Pulmonary myofibroblastic tumor is a rare benign lesion often termed as inflammatory pseudotumor. It is a slow-growing, true neoplasm comprising less than 1% of pulmonary tumors thus forming a differential diagnosis of pulmonary tumors and infections in childhood and young adults. Complete resection results in cure unlike in many malignant lesions. Hence, this article tries to bring out the classical radiological features of this rare pseudo-malignant lesion in a young female along with its differential features.

Key words

pulmonary, myofibroblastic, tumor, pseudotumor

Introduction

Pulmonary myofibroblastic tumor, also known at inflammatory myofibroblastic tumor (IMT) is a rare benign lesion of lung that comprises less than one percent of all pulmonary tumors [1]. Although its nomenclature has the term inflammatory, but it is a true tumor [2]. IMT is commoner in children and young adults without sex predilection [2,3]. Patients symptomatology is usually nonspecific ranging from fever, cough, dyspnea, chest pain and hemoptysis with anorexia and weight loss being rare [2-4]. Often the lesion is detected incidentally on chest radiograph done for chronic cough [4-6]. Pathologically, the lesion shows clusters of spindle cells in a background of inflammatory cells viz. lymphocytes, plasma cells and eosinophils [4,5]. Immunohistochemical stains are usually positive for anaplastic lymphoma receptor tyrosine kinase (ALK1), smooth muscle actin and H-caldesmon with negative PS100 [4,5].

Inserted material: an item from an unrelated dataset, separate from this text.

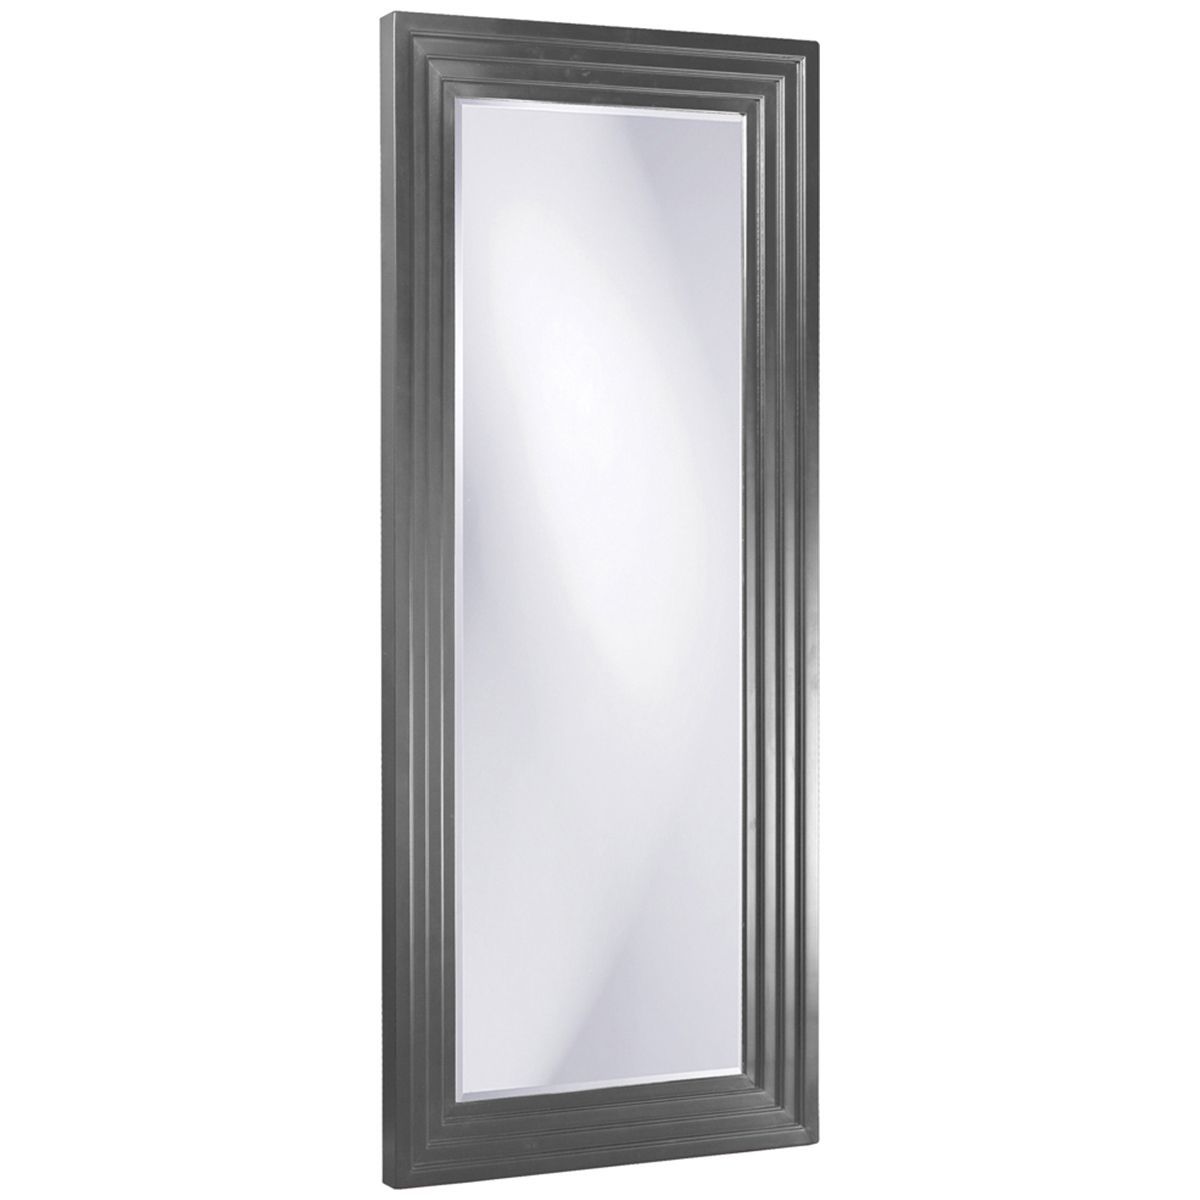 Howard Elliott Delano Charcoal Gray Tall Mirror 43057ch | Mirror Decor Inside Charcoal Gray Wall Mirrors (View 11 of 15)

The tumor is usually solitary and can arise from variety of sites in human body including most commonly from lungs & other parts of respiratory tract followed by esophagus & gastrointestinal tract, urinary bladder, spleen & lymph nodes, central nervous system, epididymis and soft tissues [4,5]. Multiple, isolated, case reports on variegated clinical presentation and radiological features have been reported in literature with very few review articles [7]. None of the article focusses primarily on radiological features which we have tried in this case report.

Case report

A thirty-year old female with history of chronic cough and mass lesion on chest radiograph came for contrast-enhanced computed tomography (CECT) of thorax. Rest of clinical history and laboratory investigations of the patient were unremarkable. Non contrast computed tomography images through upper thorax revealed a well-defined, heteroattenuating, ovoid mass epicentered in the apicoposterior segment of right upper lobe in medial and subpleural location showing multiple, irregular areas of calcification (Figure 1). Minimal to mild postcontrast enhancement was noted within the lesion on CECT thorax without evidence of any internal necrosis or air-bronchogram (Figure 2). There was slight pleural thickening adjacent to the lesion without evidence of any mediastinal or pleural invasion. No evidence of any obvious hilar or mediastinal adenopathy was noted. No evidence of any other pulmonary nodule or mass / hepatic or adrenal lesion was noted. No evidence of any osseous involvement was noted. No evidence of any obvious pleural effusion or pneumothorax was noted.

Figure 1. Noncontrast Transaxial CT image in mediastinal (A) & lung (B) window settings shows IMT in right upper lobe with areas of dense calcification.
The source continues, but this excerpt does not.